By Kemol King and Sabrina Valle
GEORGETOWN/HOUSTON (Reuters) – Guyana’s lucrative agreement with an Exxon Mobil-led consortium in the South American country last year generated $6.33 billion for the partners, government data showed, yielding a net margin larger than that of chip-maker Nvidia Corp.
The trio’s combined net margin was 56%, greater than the 49% Nvidia earned in its most recent fiscal year.
The Stabroek offshore oil venture’s 2023 revenue soared 23% over the prior year, to $11.25 billion, as the addition of a third production vessel expanded output. The group is producing about 630,000 barrels of oil per day from three vessels and has three others coming.
The favorable contract terms have caused controversy. Chevron’s $53 billion bid to acquire Hess also has sparked a dispute with Exxon, which has challenged the sale.
Hess’s profits from the joint venture grew the fastest of the three partners, up 22% last year, on proportionately lower income tax expense than its partners. Its profit outstripped the $1.62 billion earning by the South American nation from its oil.

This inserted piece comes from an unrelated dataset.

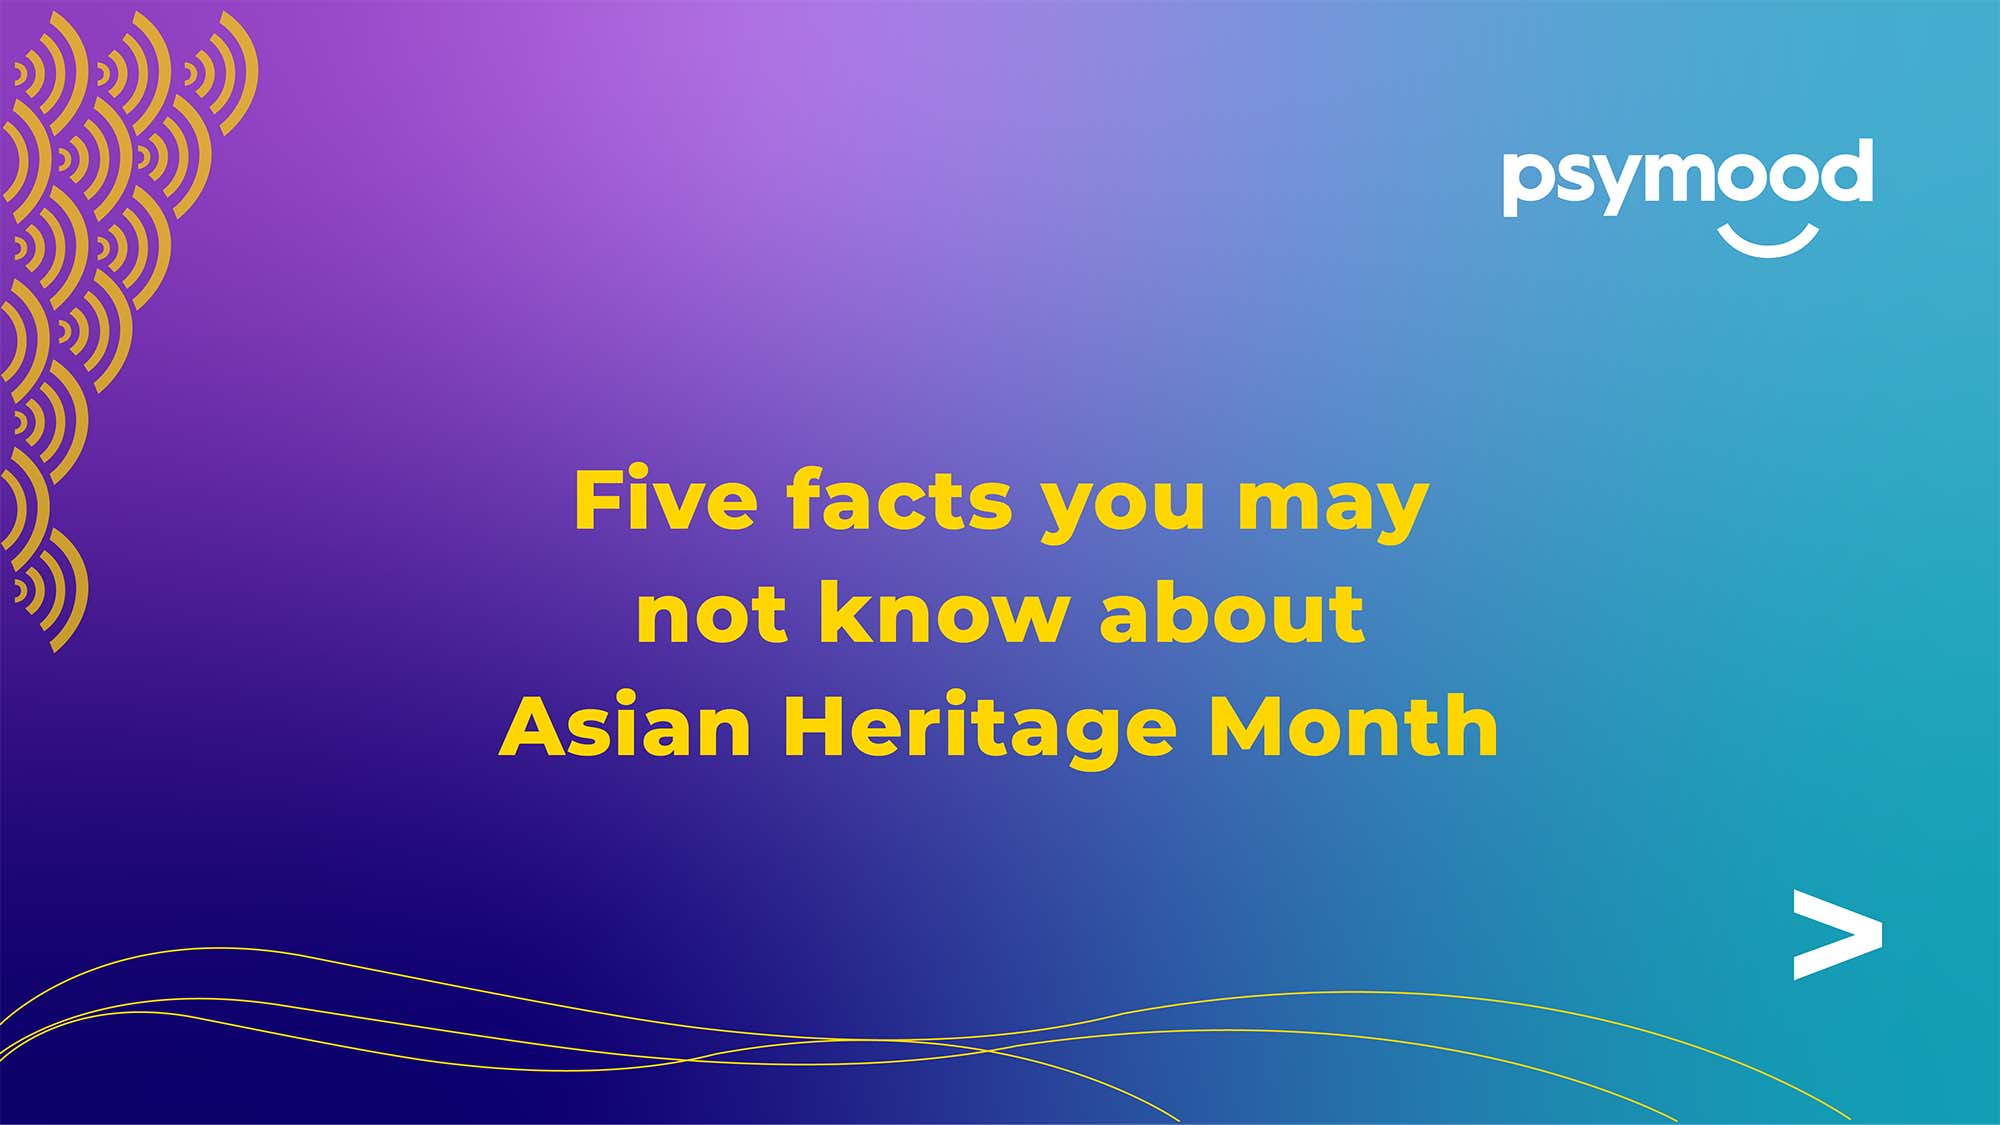 Five facts you may not know about Asian Heritage Month

Guyana government filings show Exxon’s net profit was $2.9 billion, Hess Corp earned $1.88 billion and CNOOC took home $1.52 billion from the Stabroek joint venture.
The favorable contract terms were secured from Guyana when exploration risks were high and the country’s oil potential was unknown, said Marcelo de Assis, an oil consultant specializing in Latin America.
Guyana has since revamped its oil contract terms that will roughly double the government’s share to 27.5%, but they apply only outside the Stabroek block.
“Profits will be high during the investment phase,” Assis said. “After costs are recovered, the group will pay more taxes and profits fall.”